Each experiment directory contains: - run_*.py — simulation script producing result JSONs - generate_latex.py — reads results, emits _autogen.tex macros consumed by the paper - generate_figure.py — reads results, produces PNG/PDF figures - results/ — output artifacts (JSON, figures, autogen LaTeX)


Testing

# Full test suite
python -m pytest tests/ -v

# Skip slow tests
python -m pytest tests/ -v -m "not slow"

# With coverage
python -m pytest tests/ --cov=pareto_bandit --cov-report=term-missing

# Experiment regression tests
python -m pytest experiments/tests/ -v

Project Structure

paretobandit/
├── src/pareto_bandit/       # Core Python package
├── experiments/             # Paper experiment suite
│   ├── reproduce.py         # Master orchestrator
│   ├── 01_–_04_*/           # Main experiments (§4)
│   ├── appendix/            # Appendix experiments
│   ├── utils/               # Shared simulation and LaTeX utilities
│   └── tests/               # Experiment regression tests
├── tests/                   # Unit and integration tests (135+)
├── paper/                   # LaTeX source for the MLSys paper
├── data_collection/         # Raw reward data and PCA training scripts
├── docs/                    # API reference
├── pyproject.toml           # Build config (Hatch), dependencies, tool settings
├── CONTRIBUTING.md          # Development guide
└── CHANGELOG.md             # Version history

Requirements

  • Python ≥ 3.10
  • Core: numpy, joblib, scikit-learn, tqdm
  • Embeddings (optional): torch, sentence-transformers, transformers
  • Experiments: matplotlib, scipy, python-dotenv

Full dependency specifications are in pyproject.toml.
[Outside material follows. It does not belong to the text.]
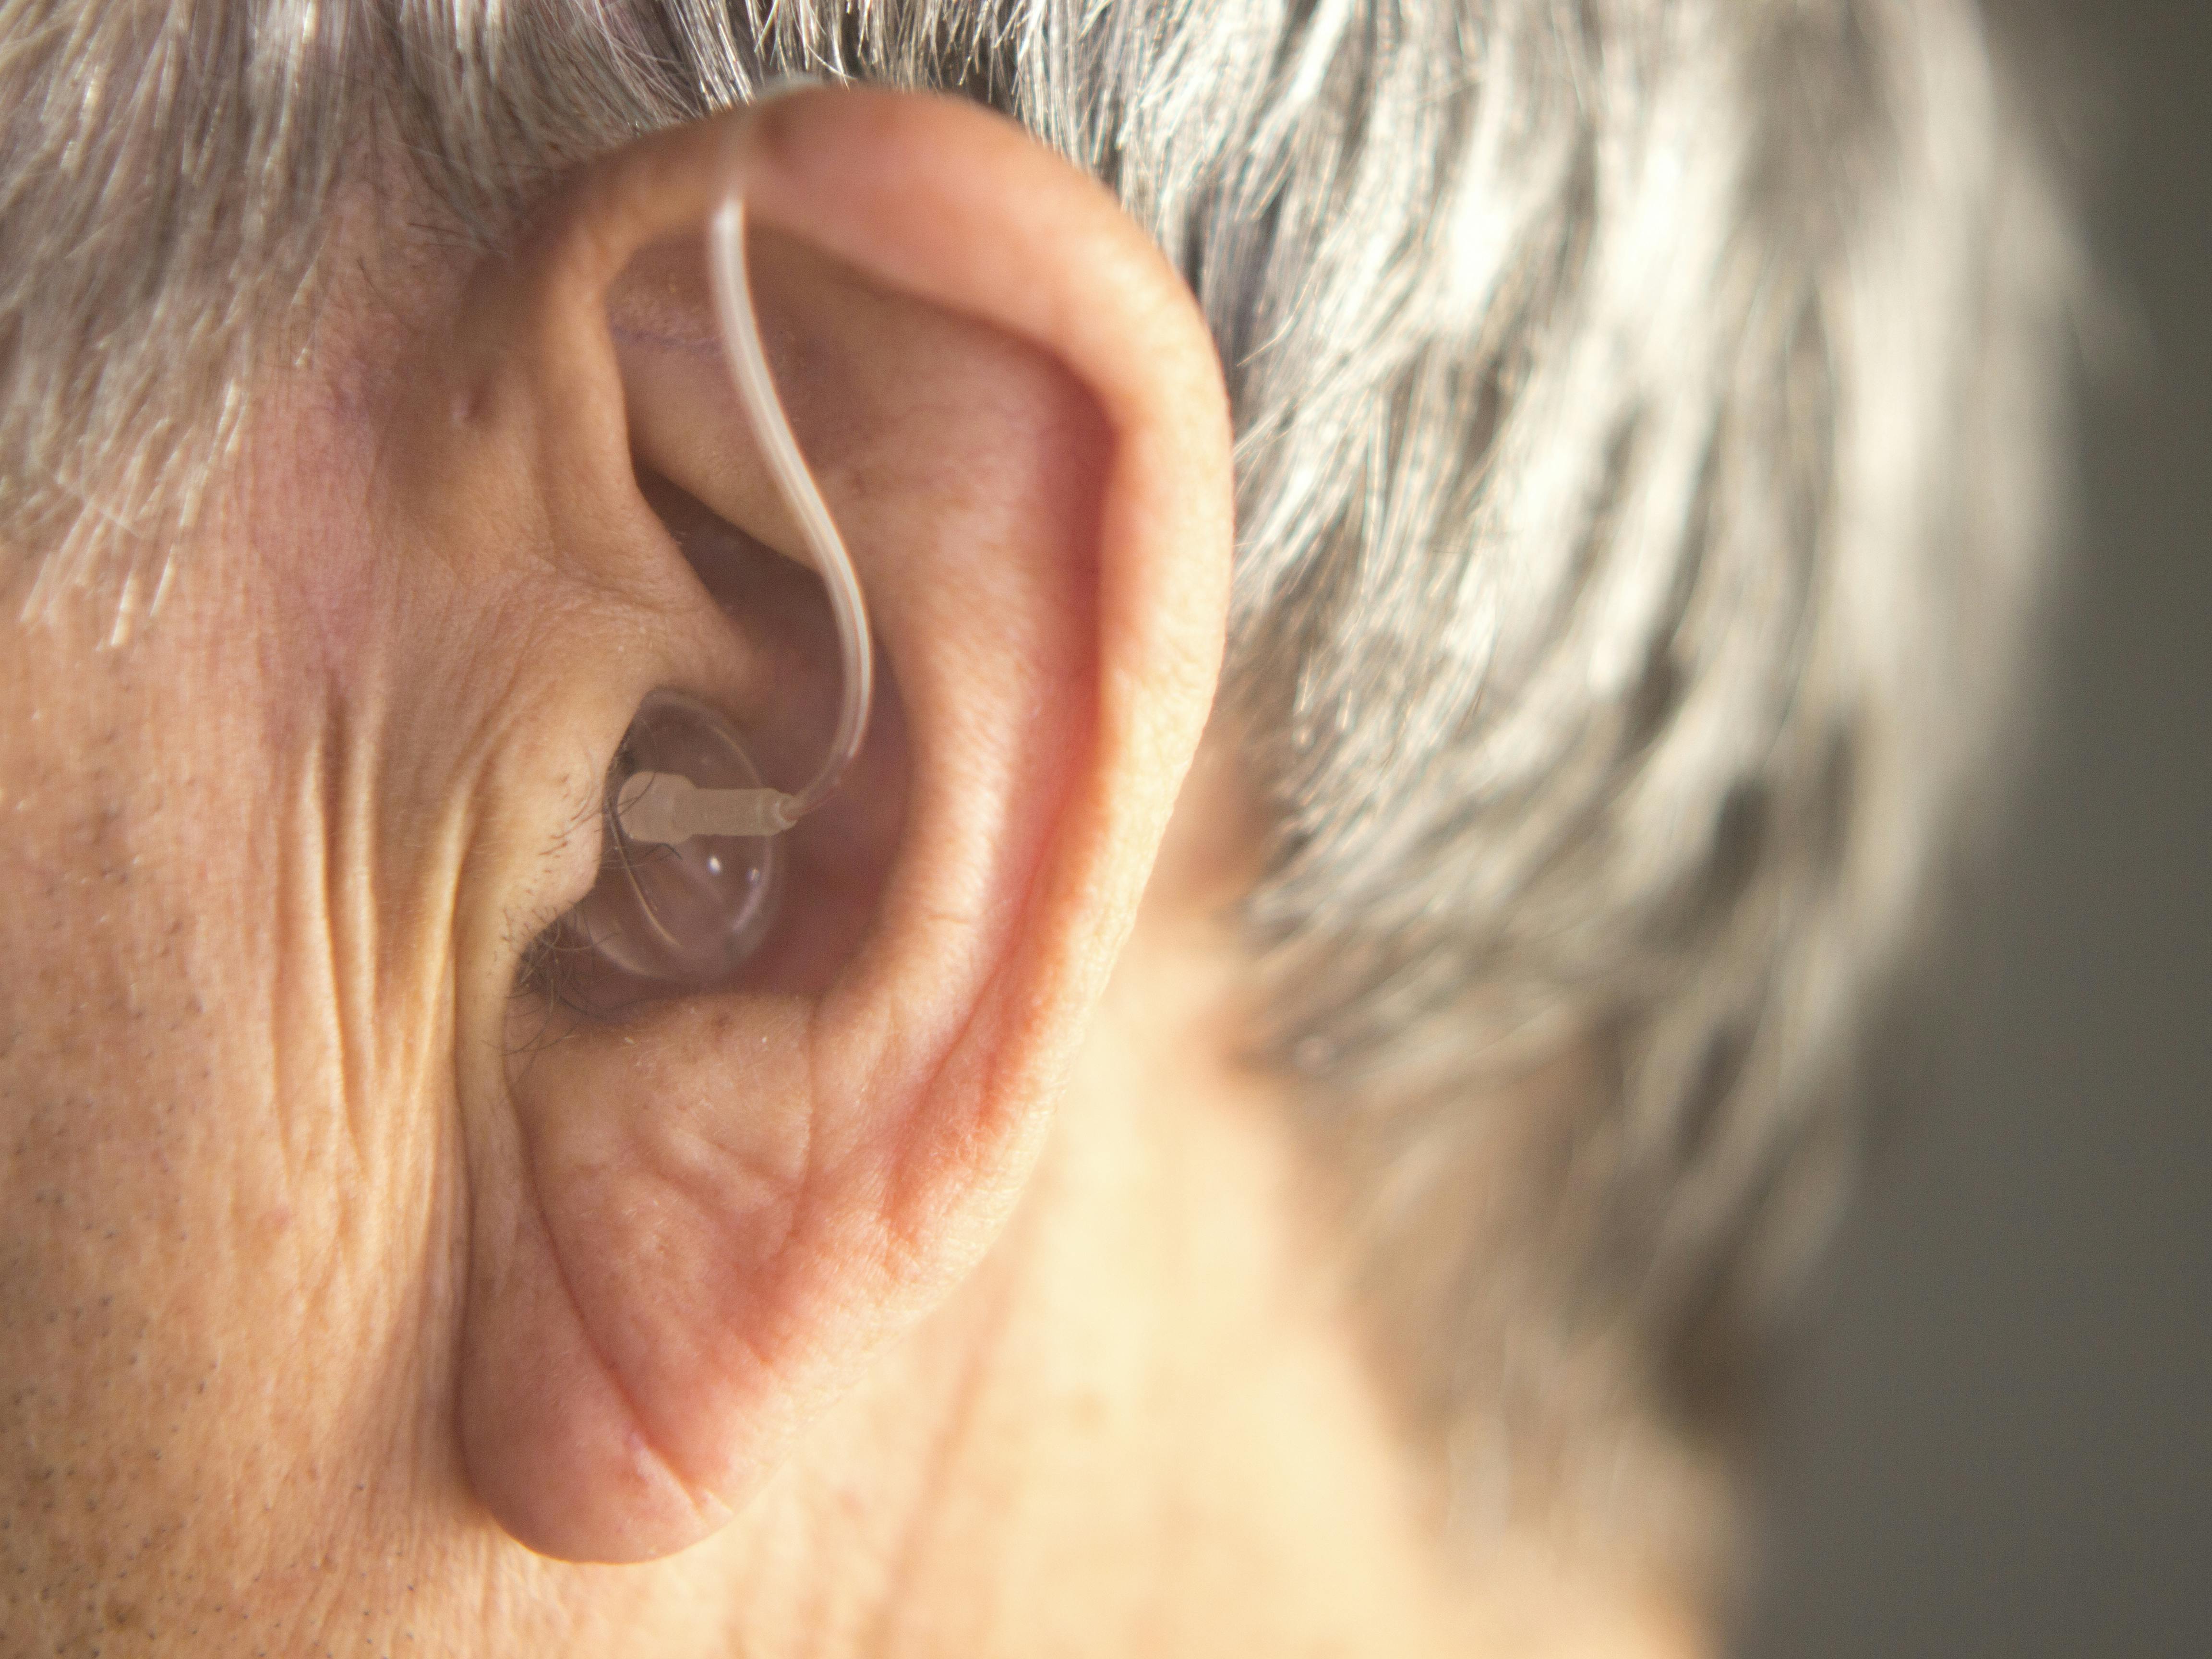 Digital modern hearing aid in the ear of aged old man.

A pinned lockfile for exact reproduction of paper results is available in requirements-lock.txt.


Citing ParetoBandit

If you use ParetoBandit in your research or product, please cite:

@software{taberner-miller2026paretobandit,
  author       = {Taberner-Miller, Annette},
  title        = {{ParetoBandit}: Budget-Paced Adaptive Routing for Non-Stationary {LLM} Serving},
  year         = {2026},
  url          = {https://github.com/ParetoBandit/ParetoBandit},
}

Contributing

Contributions are welcome! Please see CONTRIBUTING.md for development setup, coding standards, and the pull request workflow. By participating you agree to abide by the Code of Conduct.


License

This project is licensed under the Apache License 2.0. See LICENSE for details.